APC or total viable count is a simple assay offering many choices, which tests for the number of live bacteria on your equipment or in your environment that can grow under air or oxygen at room temperature.

Yeast/ mold count assays are good for two purposes: 1. Mold frequently is the cause of spoilage in food, so it’s useful to understand if there are any present to determine shelf life, and 2. It also helps us understand the number of particulates in the air.

We can also select specific microbial groups as indicators, such as total Enterobacteriacae, fecal coliform or E.coli or Listeria species.

Sample collection and prep

When we collect a sample, we have to clearly document the sample including information such as when it was taken, from where, by whom, what happened to that sample etc. Use clean SOPs to reduce error. Use the assays previously selected and do it as quickly as feasible. If you are working with an outside company, decide how they are going to handle the sample. Finally, always keep in mind plant safety and leave nothing behind after sampling, and avoid cross-contamination.

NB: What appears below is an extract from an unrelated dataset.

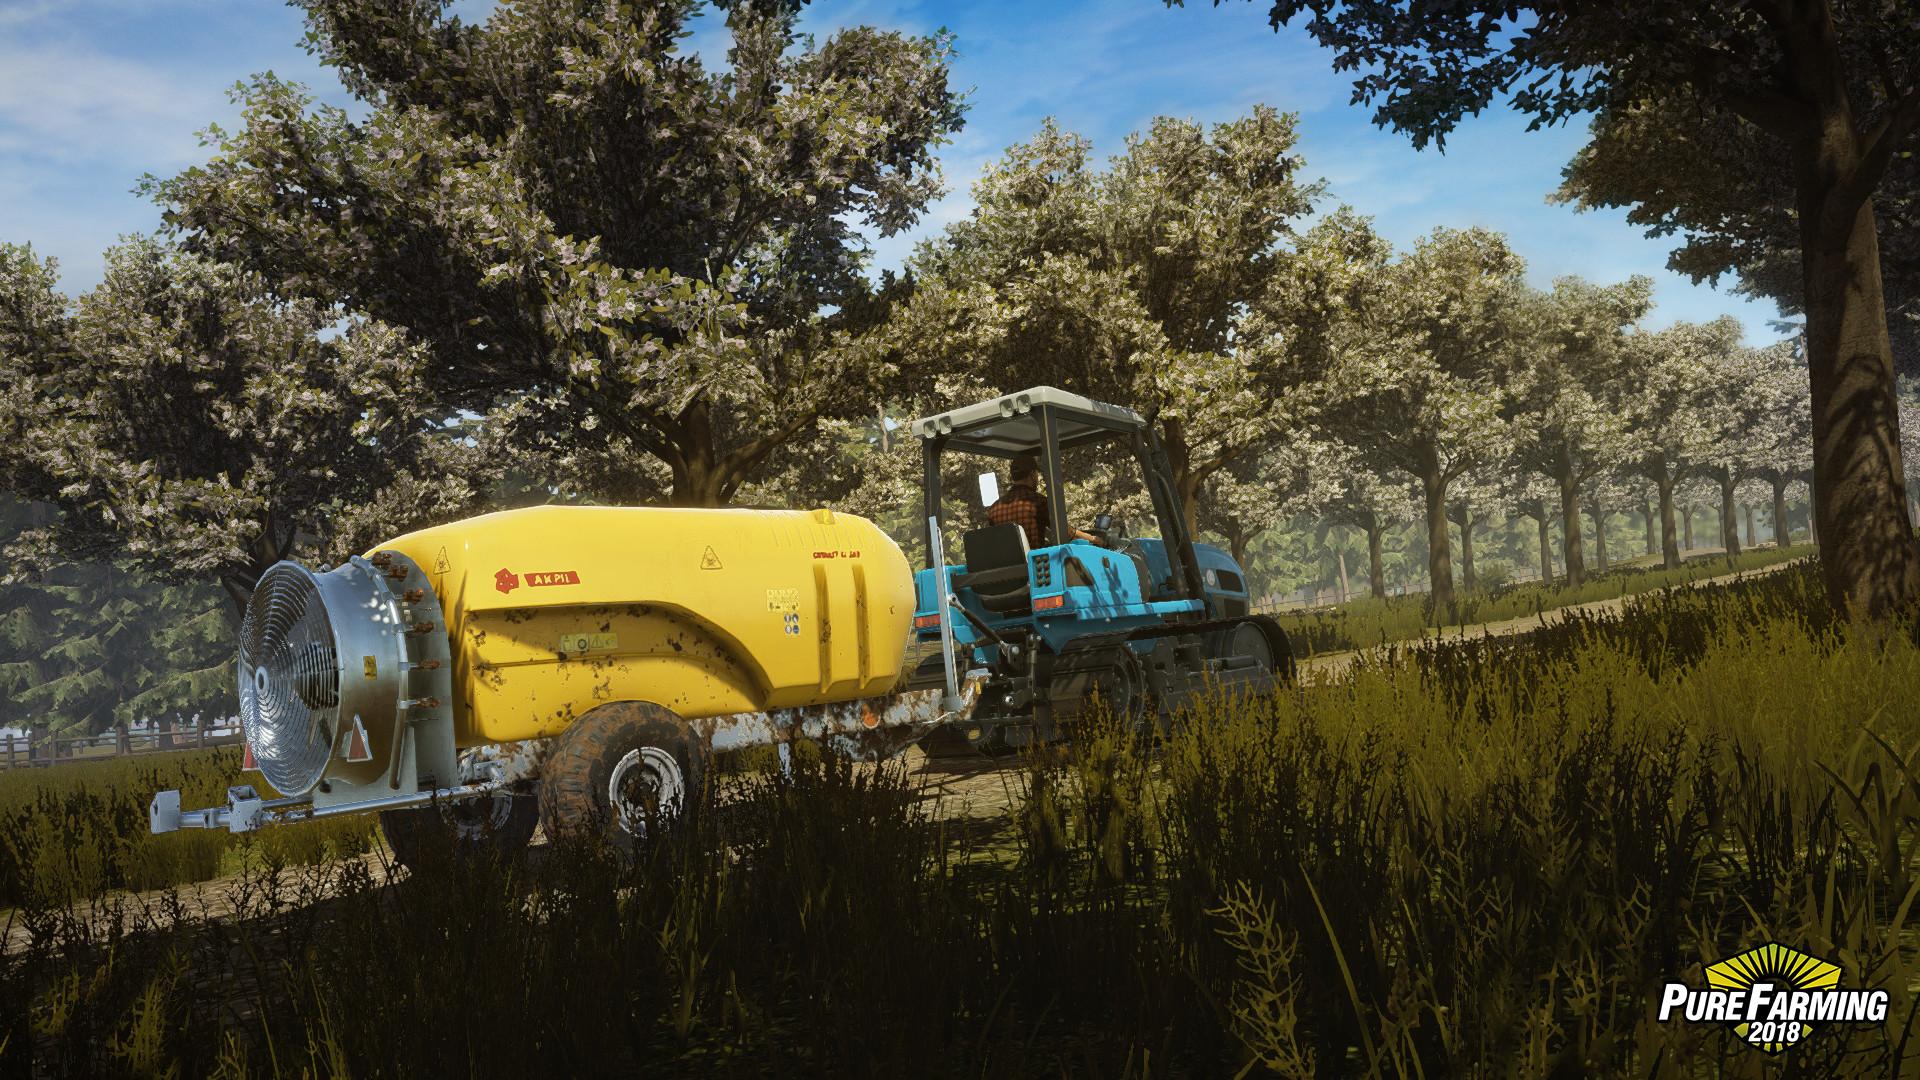 Pure Farming 2018 (Steam key) @ RU 2019

For characterizing pathogens, you may want to genetically fingerprint any pathogenic isolates from your facilities. This will allow you to see if you have a constant harborage of a particular pathogen or if it changes. Draughon recommends using a contract lab for characterizing pathogens, as they would be better suited, and have better resources to do this. Destroy the isolates after characterization – you don’t want any chance of the pathogen spreading into the product or the environment.

Written SOPs for EMS programs

It’s critical to have clear written SOPs for EMS programs which include the following:

  • Frequency of sampling;
  • When, where , how and duration of sampling;
  • Procedure for recording data and coding;
  • Sample number, size or volume;
  • Specific sampling and analysis validated protocols;
  • Monitoring of incubators and use of equipment;
  • Handling and shipping of samples; and
  • Alert and action levels and appropriate response to deviations from alert or action levels.

It’s also important that we train and validate the personnel performing EMS. Each individual doing this needs to demonstrate proficiency of doing this. They need to understand proper recording of EMS program data, alert and action levels, and zero tolerance levels. The personnel should be comfortable and qualified for sampling protocol, and using all the equipment.

In summary, sampling plans should be adaptable, which highest risk sites being tested initially. Establish a baseline and modify sampling plan as needed. Establish your sampling and testing criteria and sample as needed with each zone to fully assess the environmental program.